• PROBLEM STATEMENT:
An exact restatement of all the data is required, with the pictures left out.
*** Opening RECORDED DATA ***
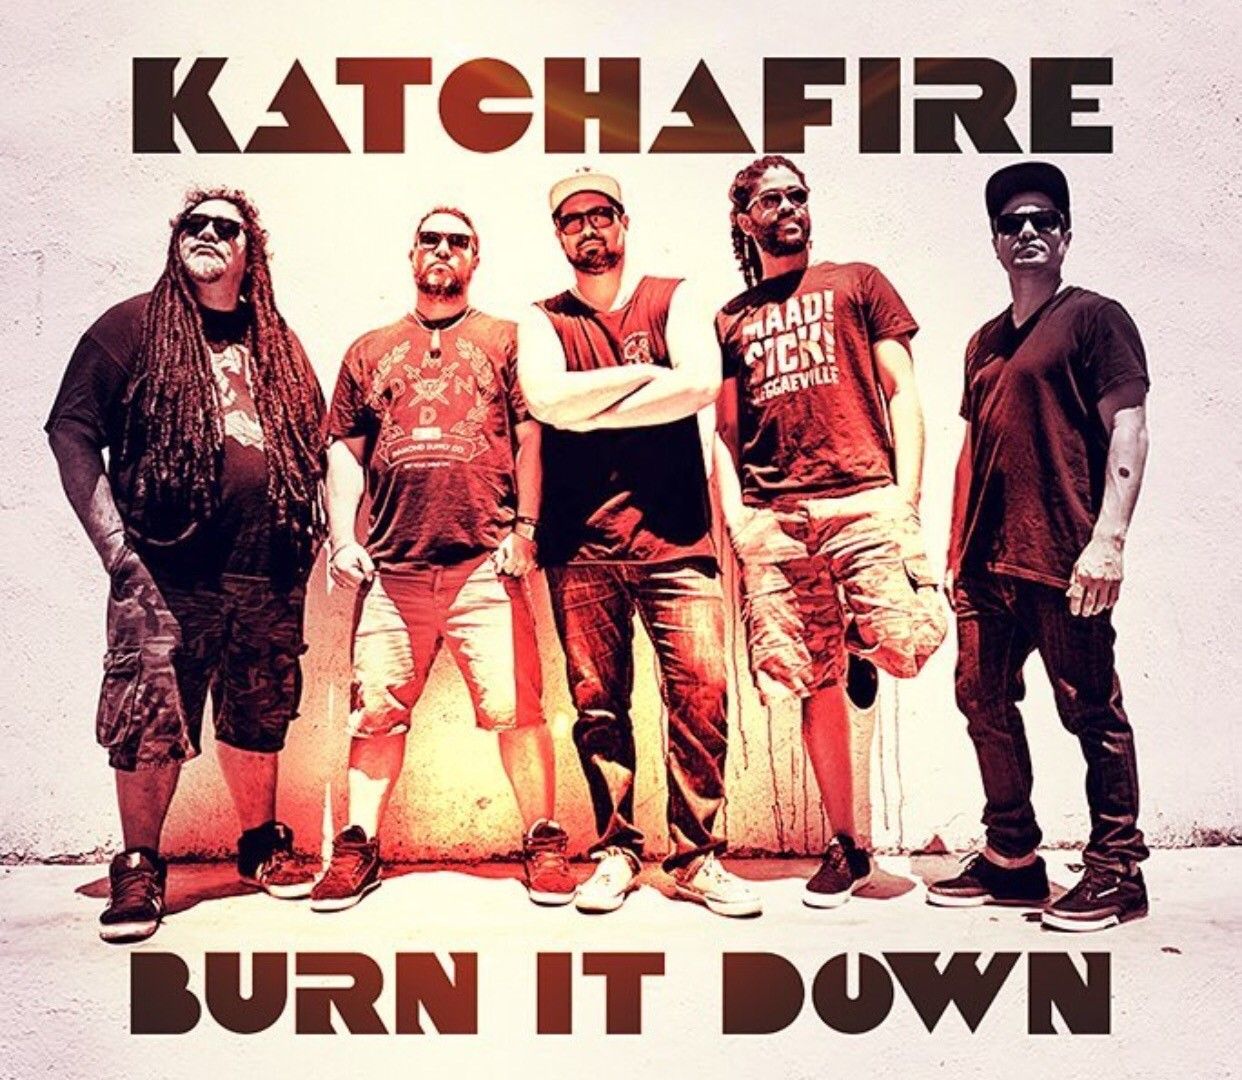  photo Katchafire burn it down_zpspr1u4mrn.jpg
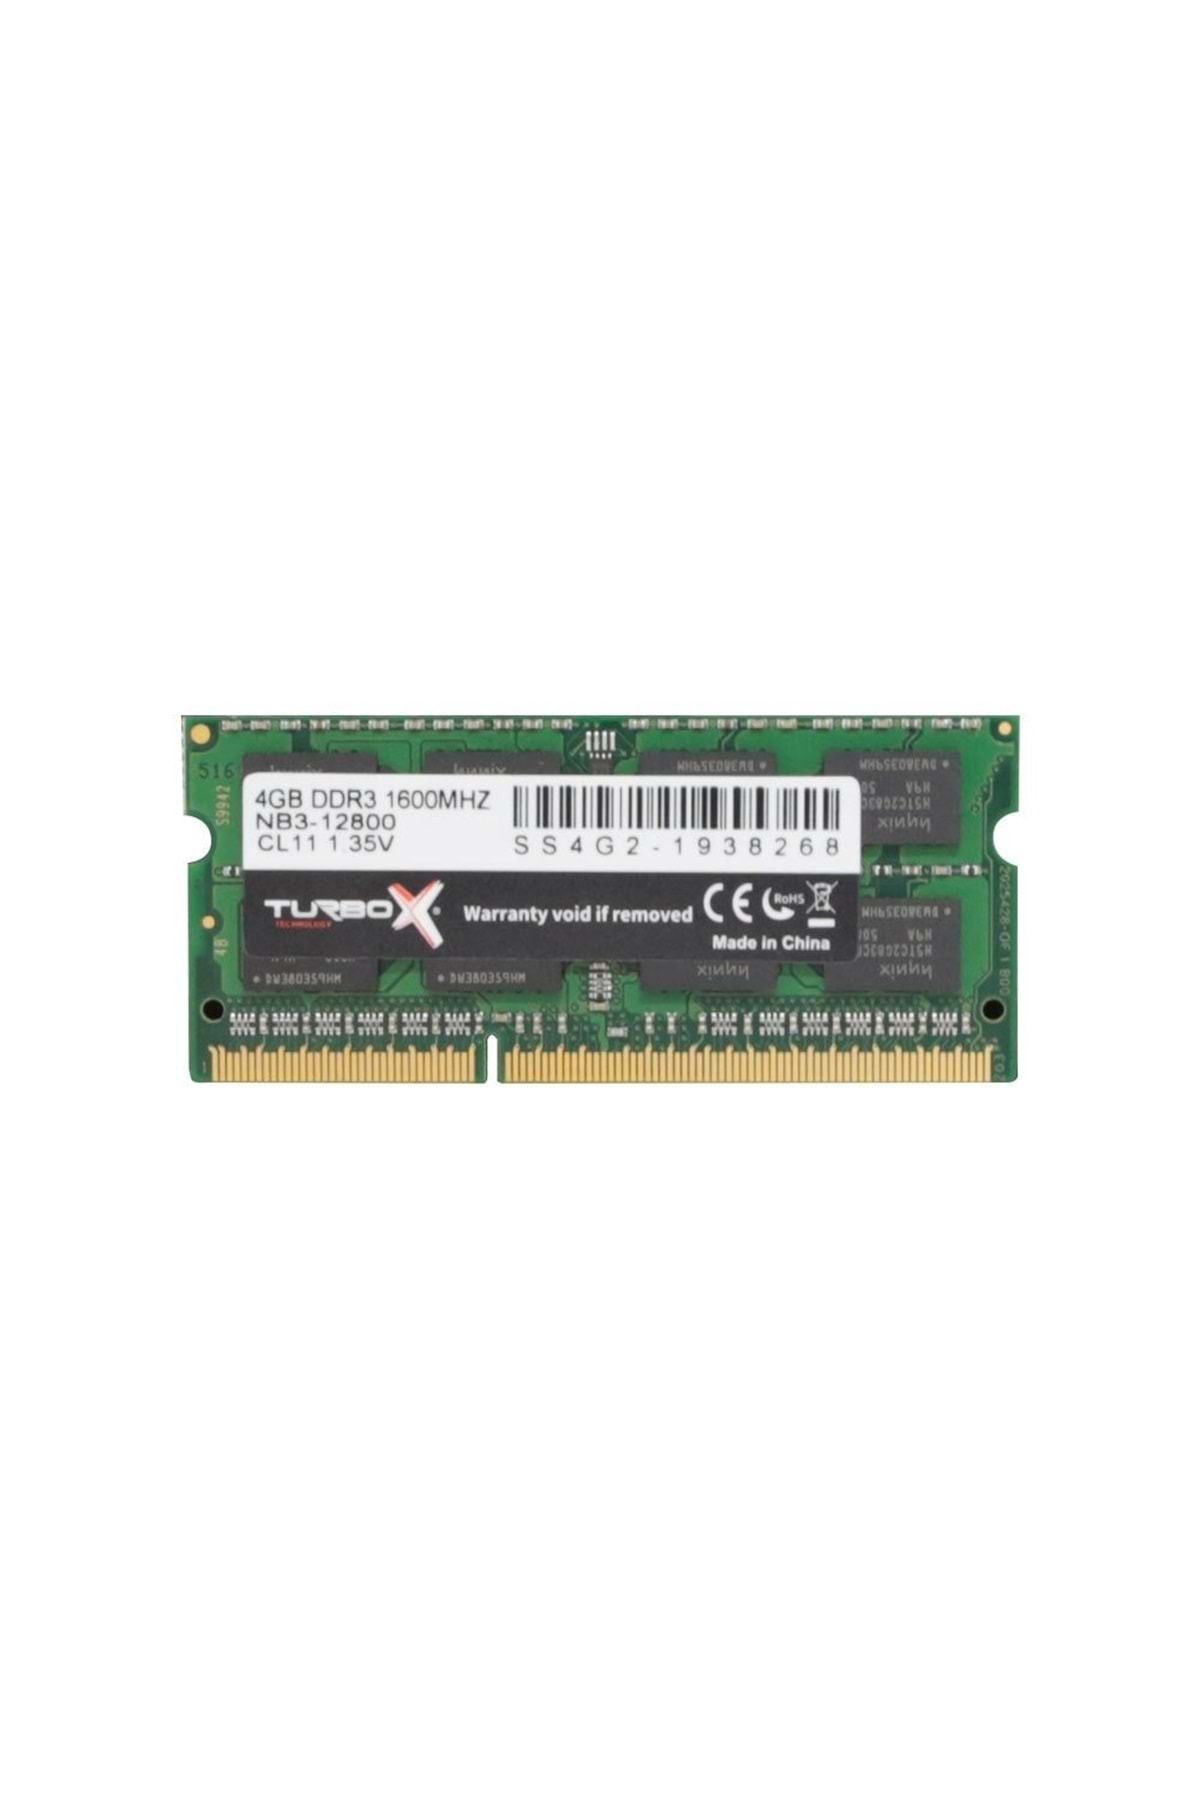 TURBOX Race Lap S 4GB DDR3 1600MHZ NB Ram
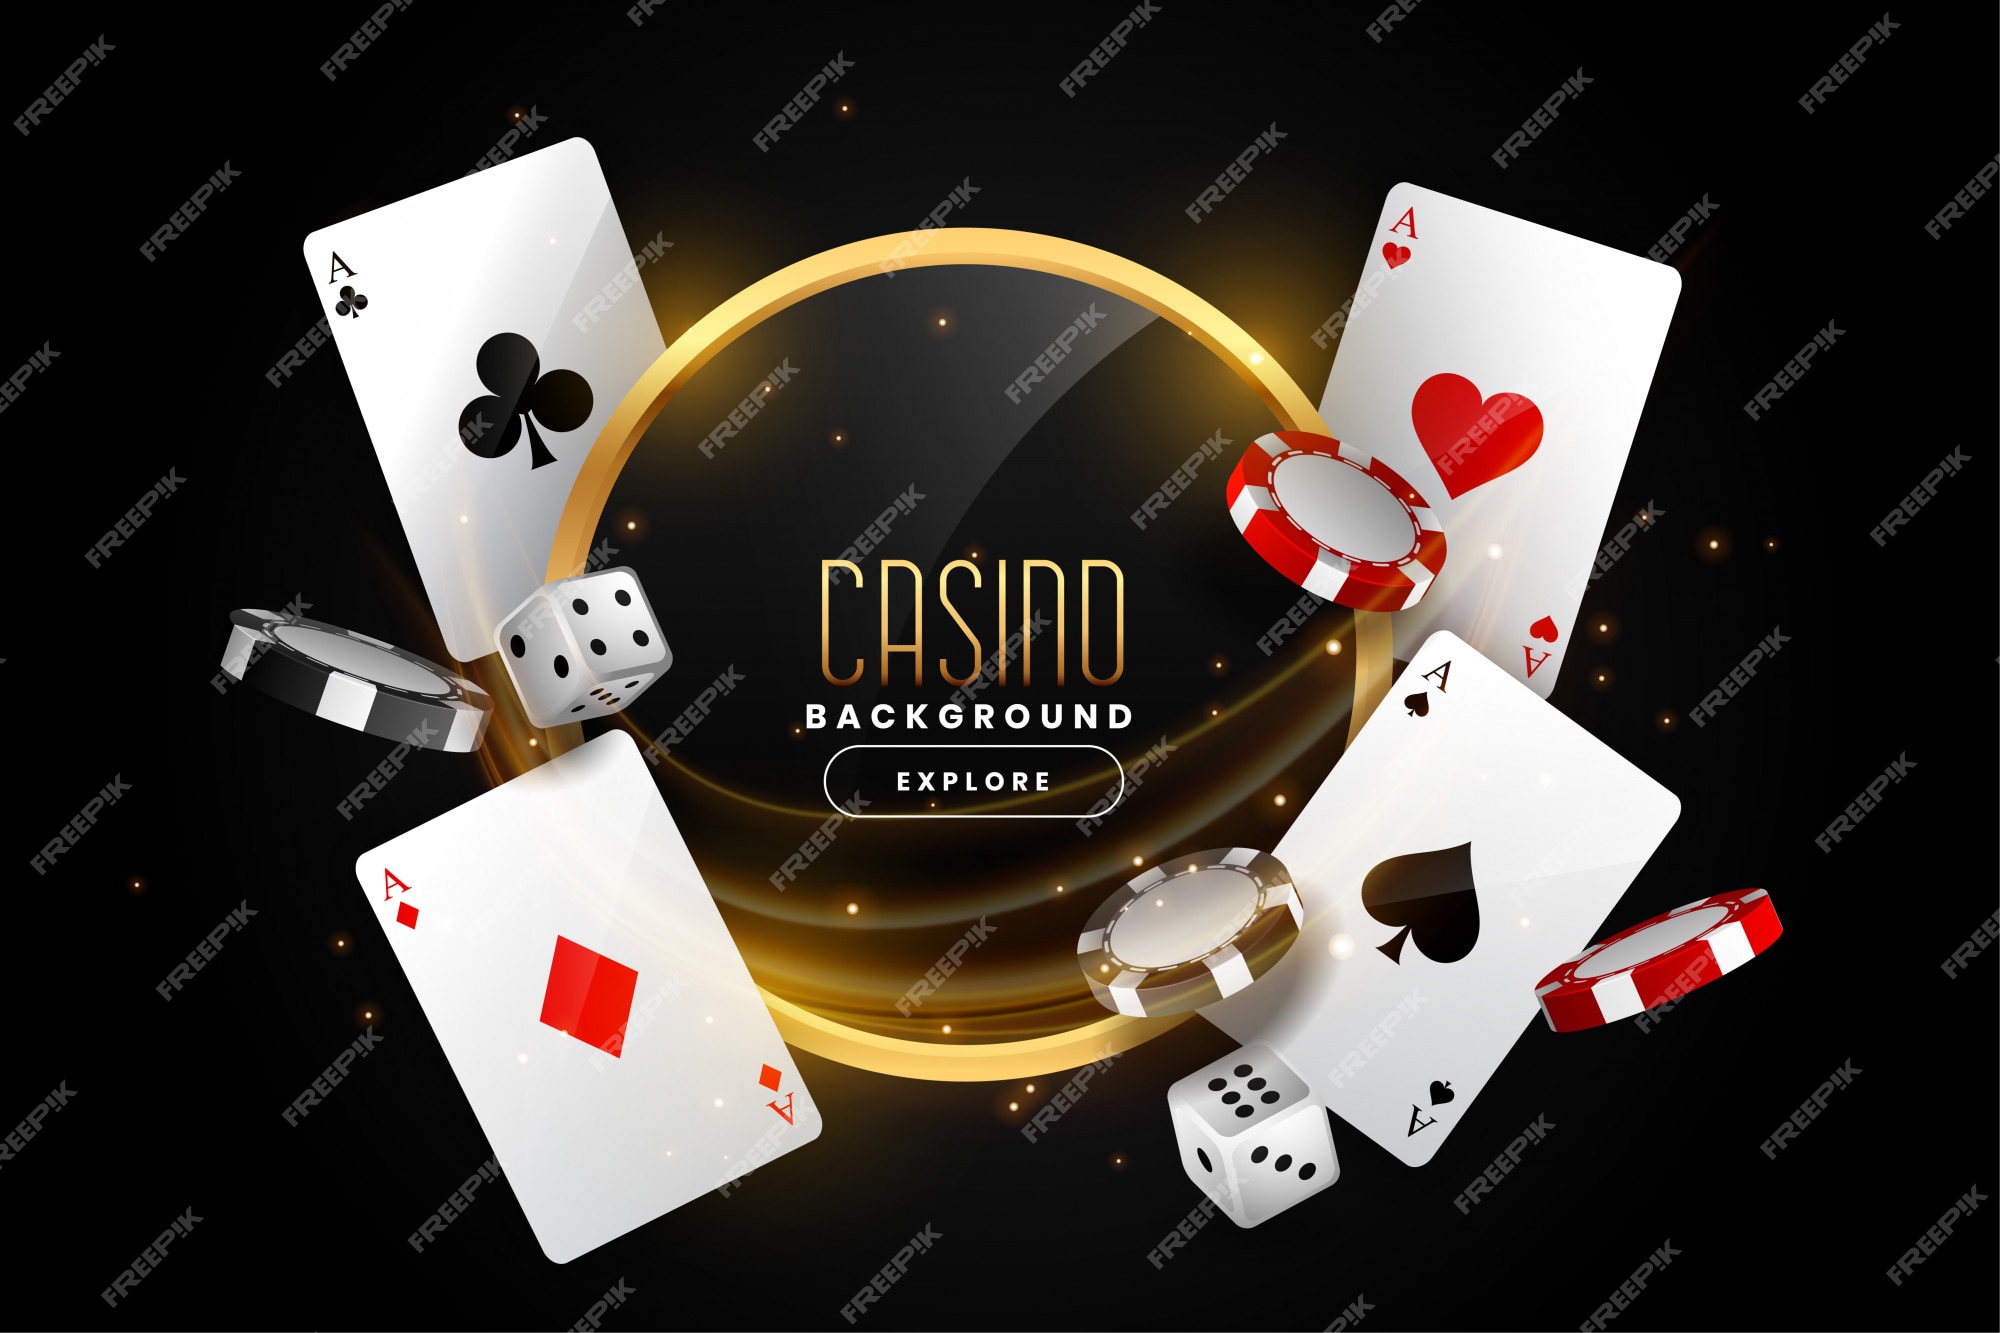 Casino gold Images | Free Vectors, Stock Photos & PSD
*** Closing RECORDED DATA ***
• SOLUTION TO THIS PROBLEM:
  photo Katchafire burn it down_zpspr1u4mrn.jpg
 TURBOX Race Lap S 4GB DDR3 1600MHZ NB Ram
 Casino gold Images | Free Vectors, Stock Photos & PSD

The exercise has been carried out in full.